# Building a Simple Chatbot from Scratch in Python (using NLTK)


References:
https://medium.com/analytics-vidhya/building-a-simple-chatbot-in-python-using-nltk-7c8c8215ac6e

## NLP
NLP is a way for computers to analyze, understand, and derive meaning from human language in a smart and useful way. 

By utilizing NLP, developers can organize and structure knowledge to perform tasks such as automatic summarization, translation, named entity recognition, relationship extraction, sentiment analysis, speech recognition, and topic segmentation.

## Import necessary libraries

In [2]:
import io
import random
import string # to process standard python strings
import warnings
import numpy as np
import datetime
from sklearn.feature_extraction.text import TfidfVectorizer
from sklearn.metrics.pairwise import cosine_similarity
import warnings
warnings.filterwarnings('ignore')

## Downloading and installing NLTK




In [3]:
#pip install nltk

### Installing NLTK Packages

##### WordNetLemmatizer
Lemmatization is the process of grouping together the different inflected forms of a word so they can be analysed as a single item. Lemmatization is similar to stemming but it brings context to the words. So it links words with similar meaning to one word.

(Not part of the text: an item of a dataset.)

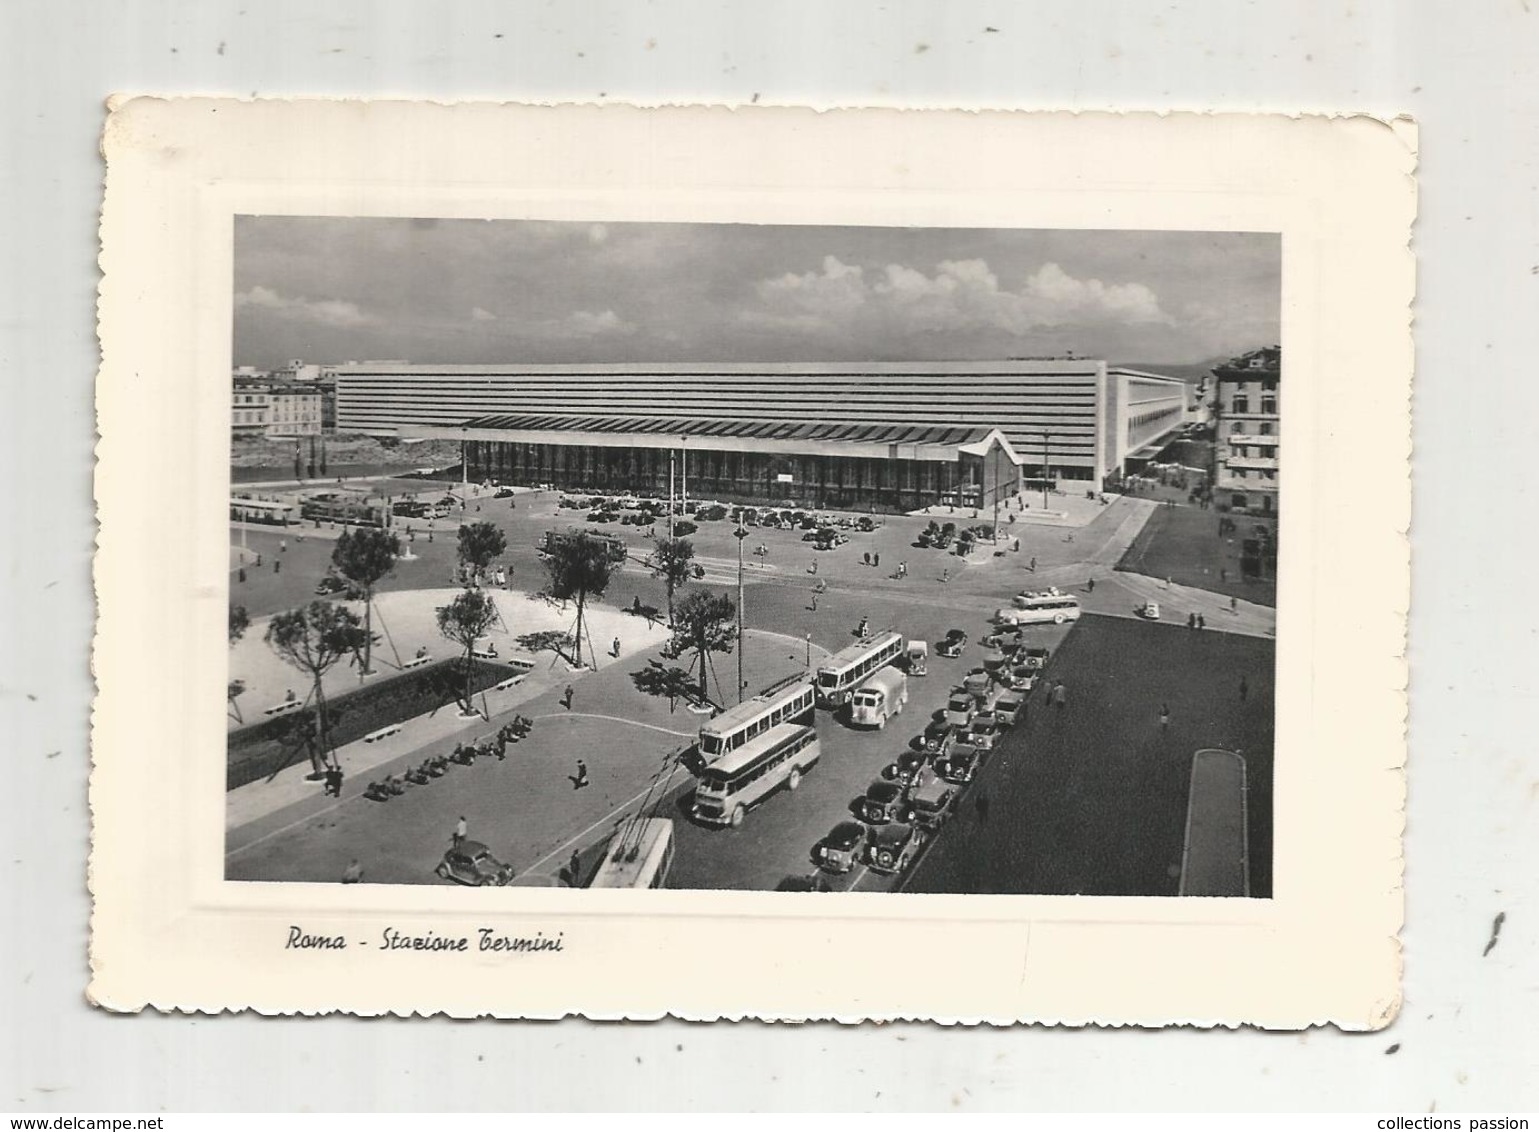 Cp, Automobiles , Bus & Autocars , Italie , ROMA , Stazione Termini , Place De La Gare , Voyagée 1956 - Bus & Autocars

https://www.geeksforgeeks.org/python-lemmatization-with-nltk/

##### Punkt Sentence Tokenizer

This tokenizer divides a text into a list of sentences
by using an unsupervised algorithm to build a model for abbreviation
words, collocations, and words that start sentences.  It must be
trained on a large collection of plaintext in the target language
before it can be used.

https://www.nltk.org/_modules/nltk/tokenize/punkt.html

#####  Wordnet

WordNet is a lexical database for the English language, which was created by Princeton, and is part of the NLTK corpus.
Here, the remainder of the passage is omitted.